To all united in isolation
Plans have been laid, ideas are hatching and the sun is shining so most of them can wait until another day. One scheme of my mother’s is to grow a new lawn, well regrow half of our lawn at least. The half that surrounds the bird bath is mysteriously far more luscious, possibly due to the Robins who appear to be attempting to doggy paddle through the inch deep water, thus routinely emptying the bath in a manner familiar to anyone who has given a toddler a bath whilst waring nice clean clothes. We have identified two large patches of barren turf that my father has excavated. It looked like hard work so I stayed safely on the exercise bike, [which is still miraculously working in spite of being exposed to British spring], and listened to an audio book so I could pretend I would have offered to help, “if only I’d noticed”. The next stage of the operation was for my mother to carefully fill in the crater with layers of compost and top soil, methodically sprinkle grass seed in the exact pattern described in the manual, and drag a rake through the whole precisely structured setup. Then, the very same birds who water half the lawn for us must at all costs be kept away from the newly planted seeds. I say at any cost, we have put down some plastic netting and we hope that’s enough, we haven’t started employing the neighbours’ children to stand on chairs and watch over the fence so they can scream at any bird landing on our seedlings… yet.

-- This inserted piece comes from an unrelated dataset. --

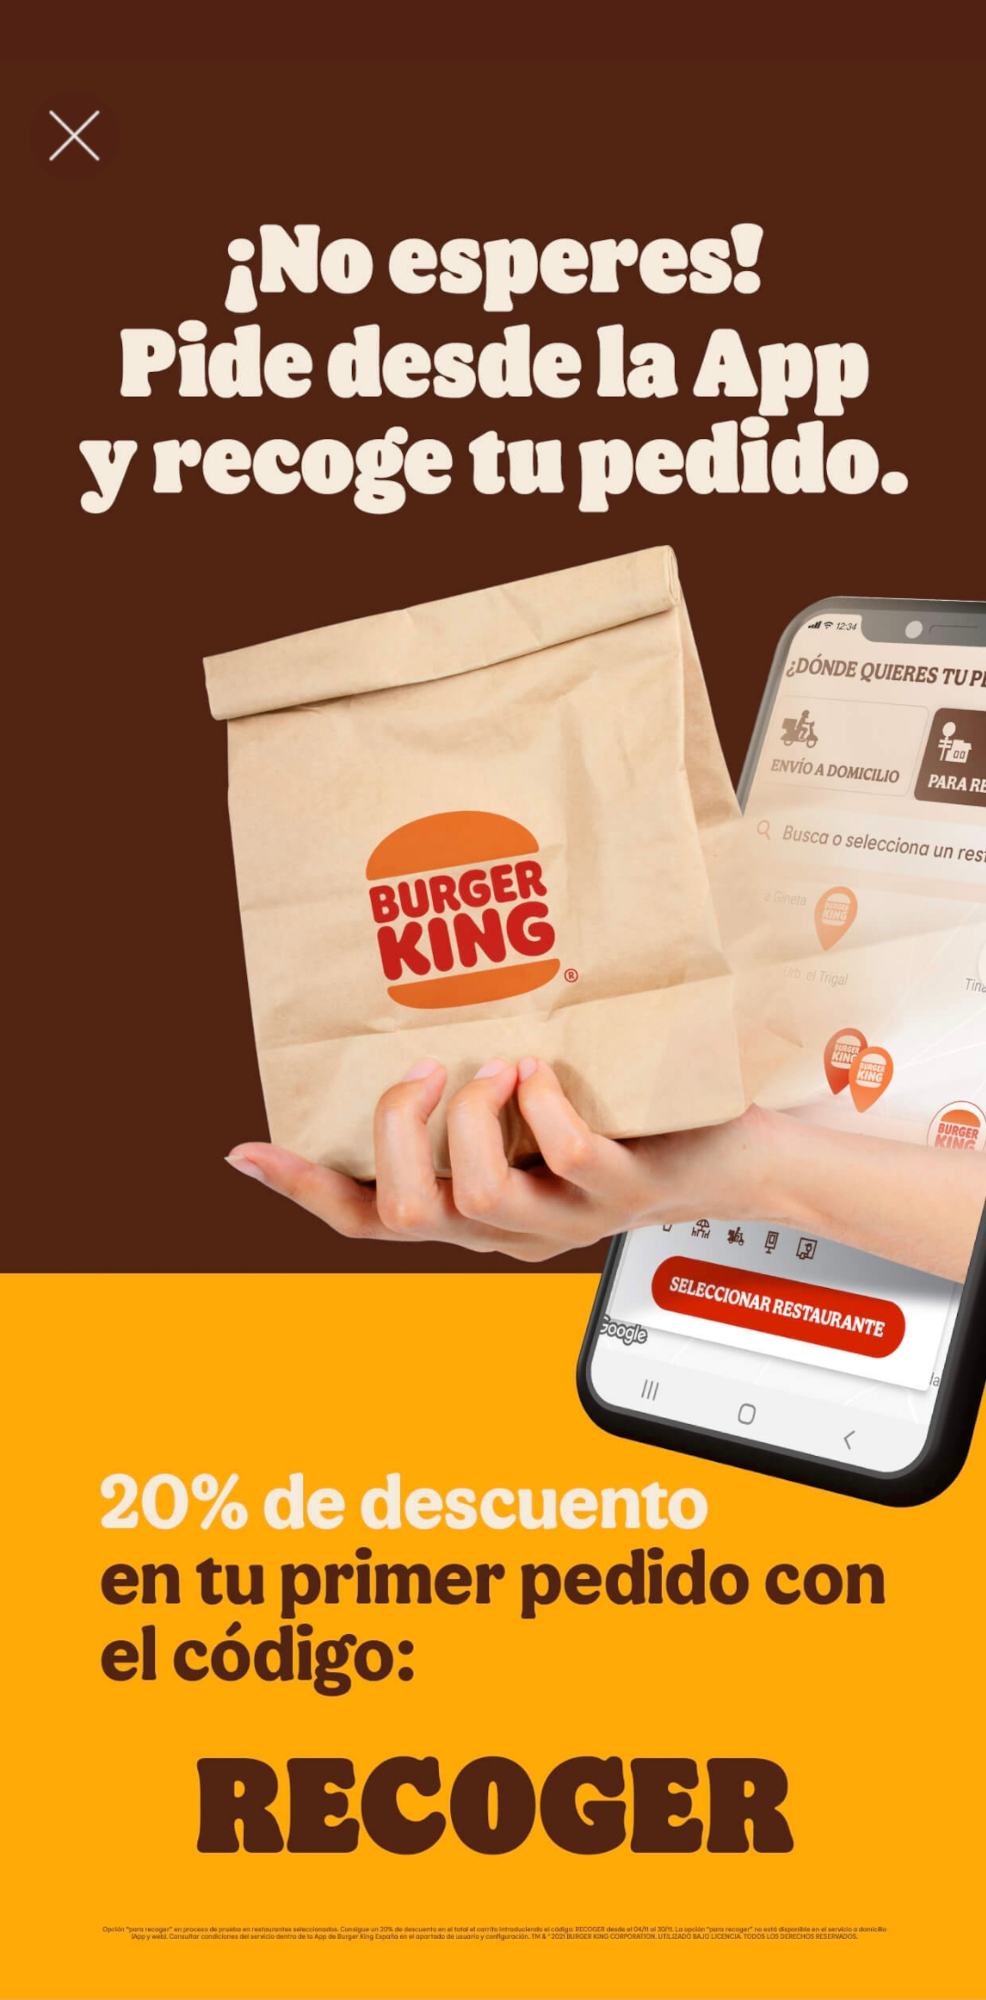 20% de descuento en un primer pedido a recoger en la App de Burger King

Another ongoing project is my effort to train for the great British Bake Off. This weekend I learned a valuable lesson: Mary Berry recipes online are different to those in her books, different as in free and wrong! As a result, the gingerbread I was meant to roll out simply crumbled under the rolling pin. Fortunately my dear mother is fantastic in a crisis, [unless failed links to zoom are involved, at which point she becomes a wolverine capable of biting an IPad in two], so we packed the gingerbread crumble into a single baking tray and cut the shapes out of the resulting tray-bake. I decorated the surprisingly sturdy house with far too much royal icing and then, encouraged by my sister, I performed the first cut with my teeth. It took me several attempts since I miss-judged the orientation of the roofline but I was eventually able to “cut” a mouthful of mostly icing from the apex, providing the inhabitants with an unplanned sky light. The second was particularly interesting as I got both a larger dose of the very tasty gingerbread and a little extra texture from an inch of broken cocktail stick used to hold the roof in place. This appeared to be a load-bearing beam as the second “cut” quickly lead to structural collapse, giving rise to the question “what cowboy built this in the first place?”
I have posted the video of me savaging the gingerbread house on Facebook and hope to start a new fad of #FacePlantChalenge so if you are enjoying a cake or other confectionery at any point in the near future, please join me by videoing your techniques and tagging me in when you post them. I look forward to your videos.